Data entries

·····

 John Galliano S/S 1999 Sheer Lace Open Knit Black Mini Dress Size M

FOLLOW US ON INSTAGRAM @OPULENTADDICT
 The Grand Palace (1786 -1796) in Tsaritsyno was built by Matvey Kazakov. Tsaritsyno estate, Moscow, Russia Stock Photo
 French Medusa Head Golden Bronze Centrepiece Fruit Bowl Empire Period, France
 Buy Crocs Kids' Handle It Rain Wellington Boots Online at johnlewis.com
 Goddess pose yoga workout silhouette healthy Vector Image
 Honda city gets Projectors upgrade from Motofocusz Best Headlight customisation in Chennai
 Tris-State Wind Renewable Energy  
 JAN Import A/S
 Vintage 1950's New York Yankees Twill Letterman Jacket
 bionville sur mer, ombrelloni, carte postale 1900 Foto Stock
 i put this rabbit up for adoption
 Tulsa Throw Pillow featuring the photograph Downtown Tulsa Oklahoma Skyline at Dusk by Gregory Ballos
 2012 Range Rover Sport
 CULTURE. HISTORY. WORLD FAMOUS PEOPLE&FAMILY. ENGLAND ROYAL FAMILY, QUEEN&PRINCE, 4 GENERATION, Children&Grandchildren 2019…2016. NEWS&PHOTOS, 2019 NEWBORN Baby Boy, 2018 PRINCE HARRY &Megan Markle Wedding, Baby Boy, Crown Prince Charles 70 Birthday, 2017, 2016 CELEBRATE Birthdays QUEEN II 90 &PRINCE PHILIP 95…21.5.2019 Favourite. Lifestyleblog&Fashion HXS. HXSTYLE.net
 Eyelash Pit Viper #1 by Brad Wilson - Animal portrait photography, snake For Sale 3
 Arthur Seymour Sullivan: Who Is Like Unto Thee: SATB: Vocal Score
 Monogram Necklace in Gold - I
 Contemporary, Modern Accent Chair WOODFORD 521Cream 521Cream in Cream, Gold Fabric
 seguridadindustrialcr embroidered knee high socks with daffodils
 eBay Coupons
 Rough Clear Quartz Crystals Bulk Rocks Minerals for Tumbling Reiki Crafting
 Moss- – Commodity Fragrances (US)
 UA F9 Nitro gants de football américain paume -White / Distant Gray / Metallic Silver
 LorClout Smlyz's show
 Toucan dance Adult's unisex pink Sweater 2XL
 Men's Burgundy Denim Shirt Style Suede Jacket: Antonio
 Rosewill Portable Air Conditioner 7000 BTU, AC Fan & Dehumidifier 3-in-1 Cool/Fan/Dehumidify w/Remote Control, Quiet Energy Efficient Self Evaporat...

·····

[Task] Print the lines above, unchanged, from the start of the records to the line with "2012 Range Rover Sport", including that final line.

[Problem solution]
 John Galliano S/S 1999 Sheer Lace Open Knit Black Mini Dress Size M

FOLLOW US ON INSTAGRAM @OPULENTADDICT
 The Grand Palace (1786 -1796) in Tsaritsyno was built by Matvey Kazakov. Tsaritsyno estate, Moscow, Russia Stock Photo
 French Medusa Head Golden Bronze Centrepiece Fruit Bowl Empire Period, France
 Buy Crocs Kids' Handle It Rain Wellington Boots Online at johnlewis.com
 Goddess pose yoga workout silhouette healthy Vector Image
 Honda city gets Projectors upgrade from Motofocusz Best Headlight customisation in Chennai
 Tris-State Wind Renewable Energy  
 JAN Import A/S
 Vintage 1950's New York Yankees Twill Letterman Jacket
 bionville sur mer, ombrelloni, carte postale 1900 Foto Stock
 i put this rabbit up for adoption
 Tulsa Throw Pillow featuring the photograph Downtown Tulsa Oklahoma Skyline at Dusk by Gregory Ballos
 2012 Range Rover Sport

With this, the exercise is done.